Ilan Man - I never actually used the framework to prioritize individual projects, but I could have. It was a way to organize OKRs, so that others in the org could reason about our work. It's a big laddering exercise - does the project you're working on ladder up into a larger, org-wide objective at some point, as you go up?
For example, paying back tech debt1 rarely gets prioritized, because it’s never obviously urgent and it’s only theoretically important (and even then, only to folks on the technical team). Developers don't often quantify the impact of paying back tech debt. But if you did, and you could point to performance optimizations that decrease consumption (which may ladder into a cost OKR) or a refactor that increases developer velocity and can help expedite a new feature (which may ladder into a growth OKR), then you may get that tech debt epic prioritized.
At the very least, you could use the framework as a way to communicate the impact of your projects to folks outside your team in a narrative format which is often what gets initiatives funded.]
Focusing on outputs
Finally, another framework or mental model, that I’ve been using for the past four years or so, has been to focus on outputs as opposed to inputs; again, very consistent with the items above. This is a controversial opinion to hold in the data community, where folks are really invested in understanding the inputs to their models, because that’s where they have control. That’s what they can explain. There are tighter feedback loops and they can more easily build a roadmap for their team. I totally get it. I used to focus my efforts on nailing the inputs, too, and, if I did my job well, improving the inputs should translate to better outputs. However, in more conversations and organizational navigation with higher ups, it was clear that they were all laser-focused on the outputs / outcomes.
In general, executives care less about what you have control over (which often leads to excuses about why targets were missed or who is responsible), and they care more that you get the job done. After all, the leadership team is the one cutting the checks, signing off on budgets and initiatives, and raising funds for your VC-backed company.
What’s more, focusing only on your “span of control” is a great way to get boxed into a small scope and surface area at your company. That’s exactly where leadership will put you, and then look elsewhere for a partner who can look beyond their scope to achieve the business’s targets. Instead of focusing on what you can control, align yourself and your team to an output metric - like your Sales, Marketing and Product colleagues do. Force yourself into the conversation that can expedite your company’s roadmap by tying the team more closely to a company-level objective.

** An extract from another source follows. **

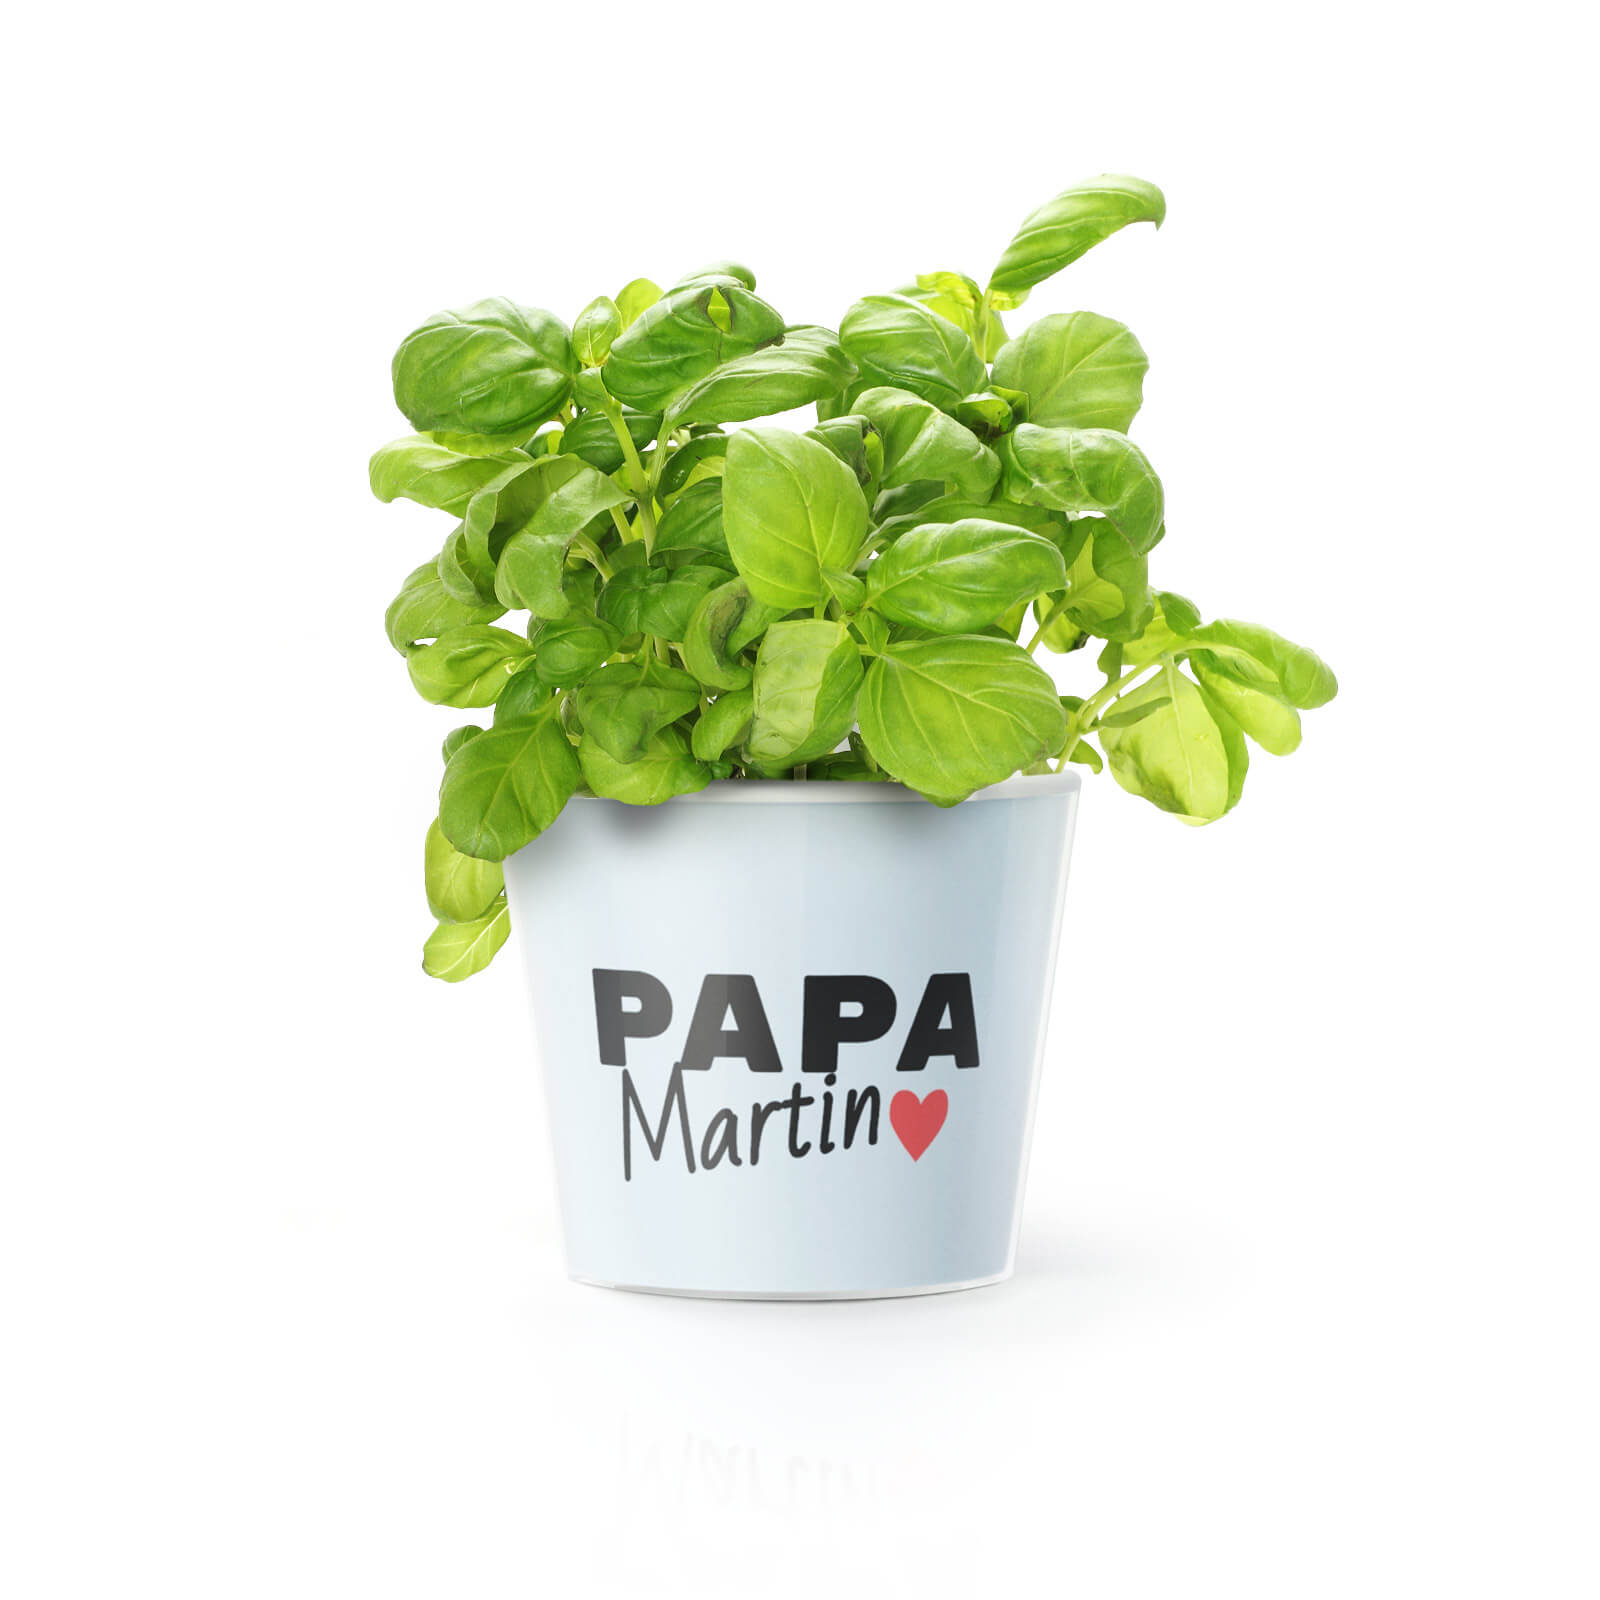 papa topf mit name. Black Bedroom Furniture Sets. Home Design Ideas

Earn your right to be at the table, not because you own the data, but because your leaders trust that you can get it done. In this way, you can transcend being a “data leader” into being a “leader”, who also happens to be able to leverage the organization’s most valuable asset: its data.
Using the above framing has helped me grow myself professionally in the direction I wanted, while also elevating the data team's profile.
[David Jayatillake - This is definitely something I can identify with and have written about before - data is your input to drive output from. How do you feel data folks can get comfortable with this idea and start actually living it for the mutual benefit of them and their company? You and I both have some hybrid business and data training in the form of accountancy and actuarial training, respectively. Benn's post the week before last was interesting in this regard, too. Do you think data folks need some business training to do this, or can it be better learned another way?
Ilan Man - The best data people I've ever managed got deep with their business counterparts. They sat beside the customer experience team, they attended product sprint plannings, they shadowed operators as they navigated their work. In addition, I think it's critical for data people to learn the basics of financial and accounting. It's shocking how seemingly simple FP&A models are compared to some fancy data science models, and yet these models are easily the most important to the organization. Benn did a nice presentation at last year's Coalesce, about learning the operating model of your company. I think that's a great starting point to learn what actually matters.]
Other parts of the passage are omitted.